§ **Prompt**
Repeat the data exactly, leaving out any image.

[Dataset section — start]

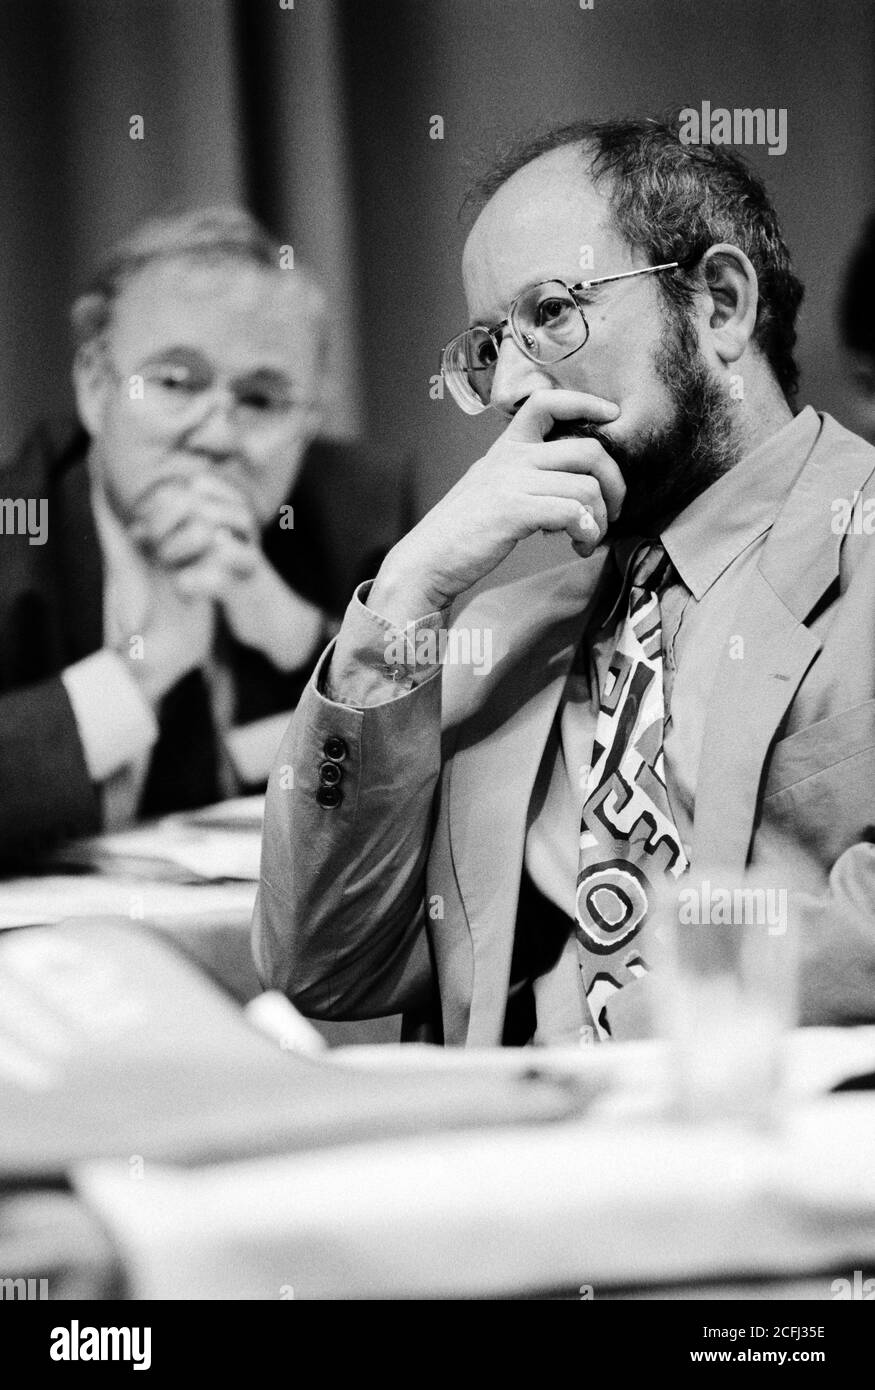 Il Segretario Generale della NATFHE Geoff Woolf sulla piattaforma durante la loro Conferenza annuale all'Università dell'Essex. 04 luglio 1992. Foto: Neil Turner Foto Stock
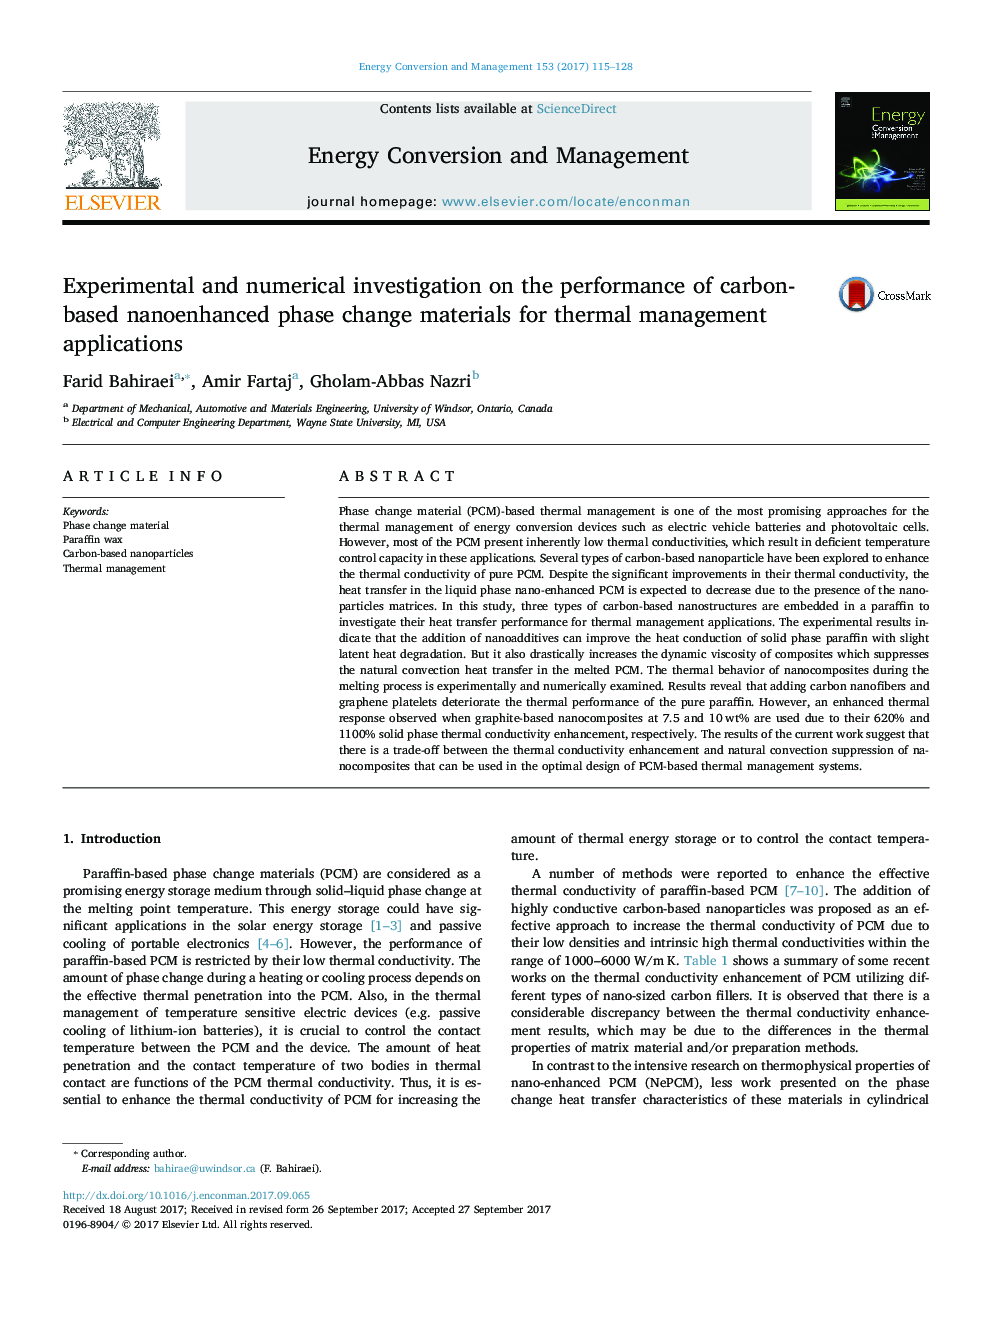 بررسی تجربی و عددی بر روی عملکرد مواد تغییر فاز نانوکامپوزیتی مبتنی بر کربن برای کاربردهای مدیریت حرارتی 
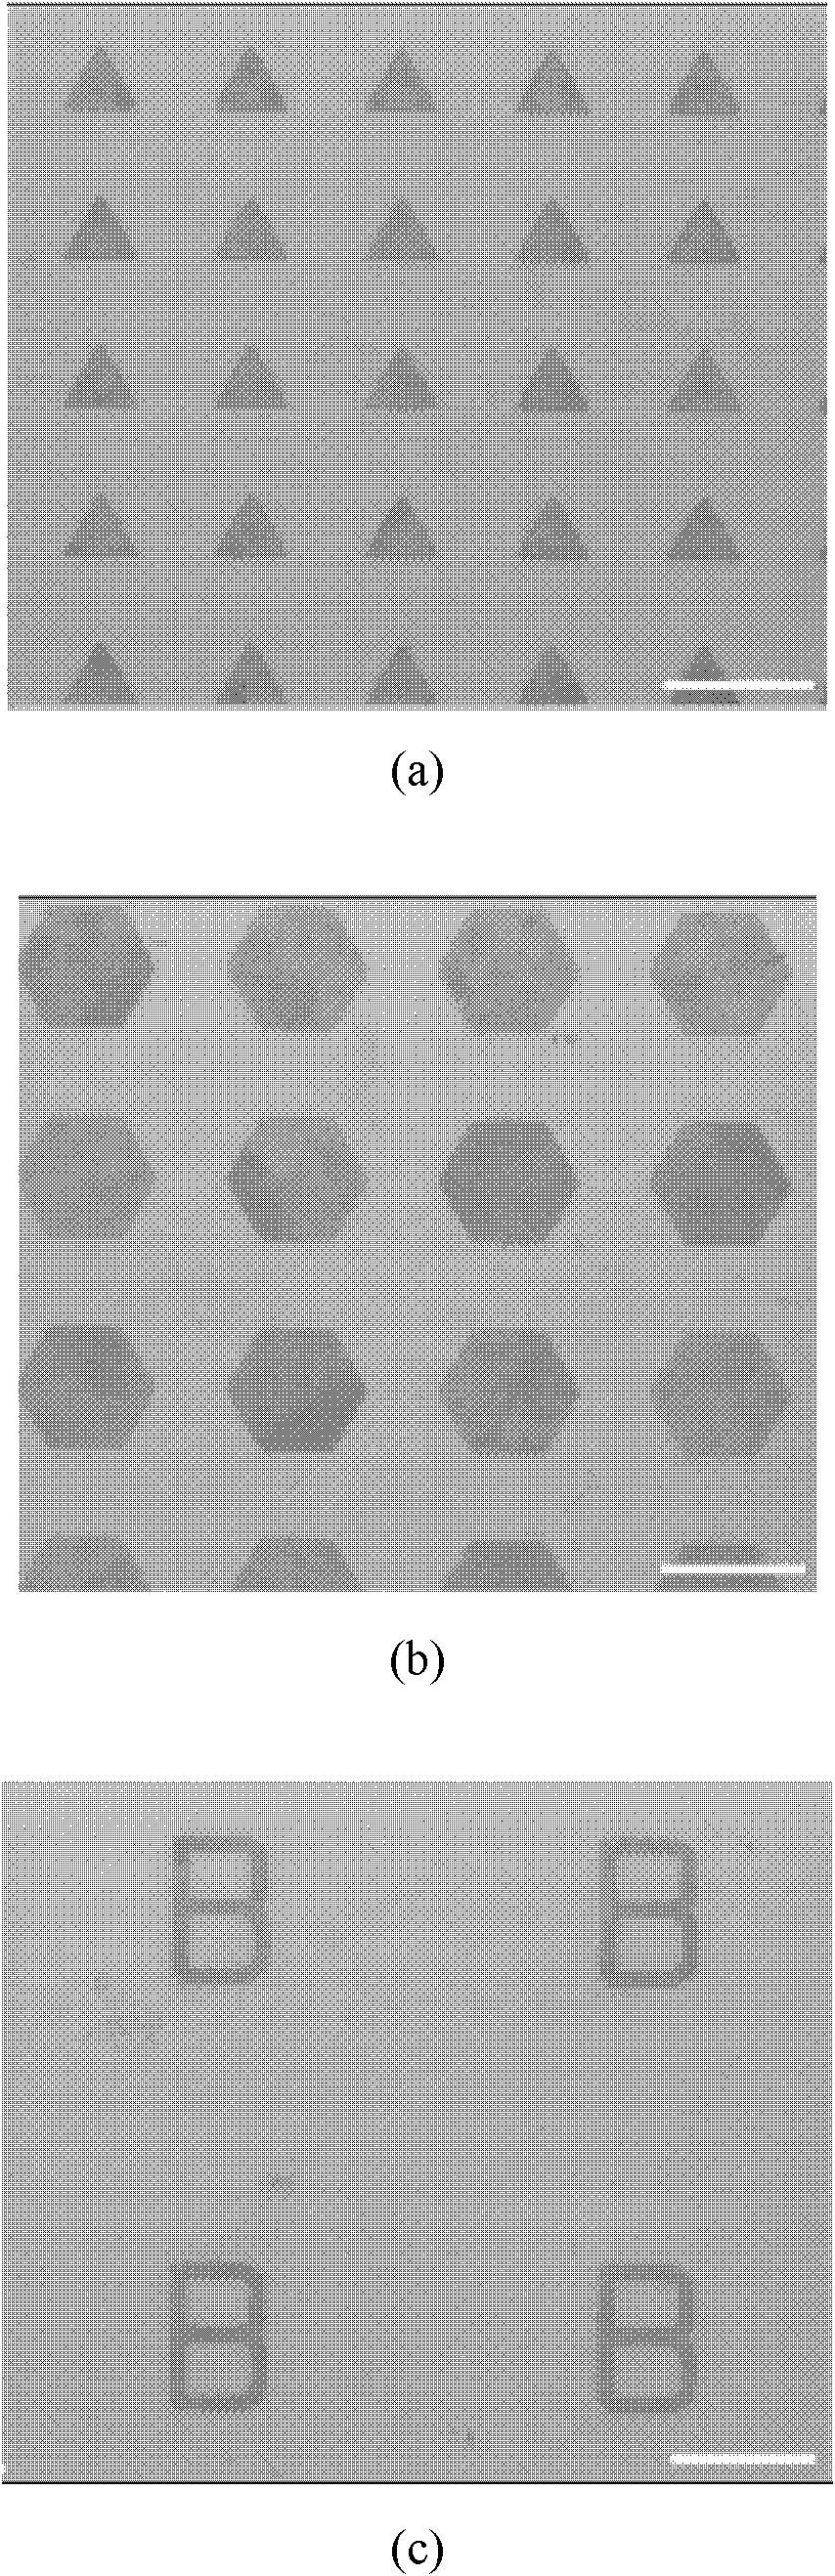 Method for preparing patterned graphene

[Dataset section — finish]

§ **Exercise solution**
 Il Segretario Generale della NATFHE Geoff Woolf sulla piattaforma durante la loro Conferenza annuale all'Università dell'Essex. 04 luglio 1992. Foto: Neil Turner Foto Stock
 بررسی تجربی و عددی بر روی عملکرد مواد تغییر فاز نانوکامپوزیتی مبتنی بر کربن برای کاربردهای مدیریت حرارتی 
 Method for preparing patterned graphene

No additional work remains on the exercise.